The perceived aphrodisiac properties of L. vesicatoria and its dried cantharides preparations are a result of its toxicology, specifically, irritant effects it has upon the body's genitourinary tract,[7] although such views of this property are anachronistic alongside modern statements that the effect is painful and without pleasure.[1] Moreover, seeking this outcome requires ingestion of the blister beetle preparation, and these, and preparations available illicitly in particular, can contain high concentrations of active agent that result in severe toxicity (poisoning).[7] Human poisoning consequences include oral, gastrointestinal (GI), rectal, and vaginal tissue irritation through to severe GI hemorrhaging and kidney dysfunction, organ failure, and death. Clinical and postmortem examination—e.g., by endoscopy and autopsy—reveal the destruction, as do laboratory findings of hematuria, proteinuria, and other reflections of the underlying pathologies. Management of cantharidin poisoning is only supportive.

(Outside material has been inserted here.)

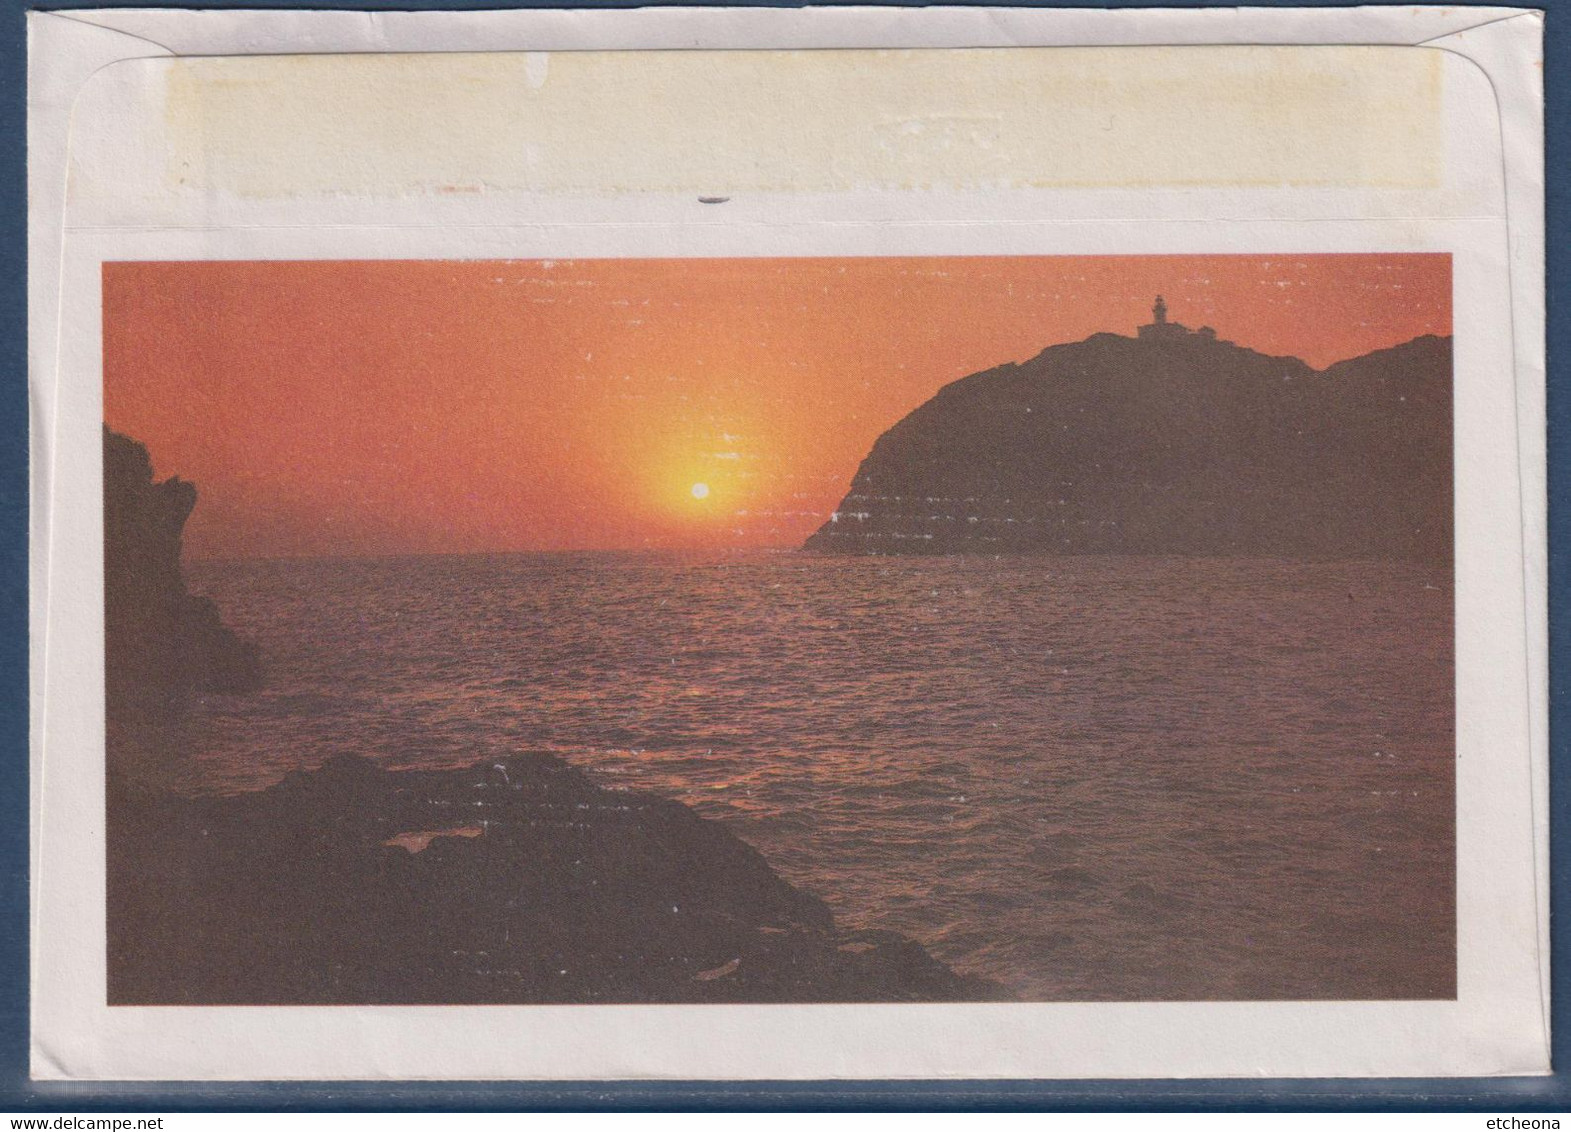 Enveloppe Illustrée A. Corsica Bastia 25.8.87 Flamme Son Musée D'ethnographie Son Soleil Monuments Timbre 2376 Marianne - Non Classés

Preparations from L. vesicatoria and other species have been the sources from which a pure natural compound (naturally derived chemical compound) called cantharidin has been isolated, which is largely responsible for the pharmacologic activities described.[3] To add to confusion with nomenclature, the isolated molecule, cantharidin itself, is sometimes also referred to as "Spanish fly".[7]

Description

Collecting cantharides, 19th century.

Lytta vesicatoria is a "slender, soft-bodied metallic golden-green beetle," and so a Coleopteran.[8] The beetle is described as being approximately 5 mm (0.20 in) wide by 20 mm (0.79 in) long.[1][8]

Range and habitat

It is mainly described as southern European species[9][10] although its range of habitats is more completely described as being "[t]hroughout southern Europe and eastward to Central Asia and Siberia,"[8] alternatively as being throughout Europe, and parts of northern and southern Asia (excluding China).[11]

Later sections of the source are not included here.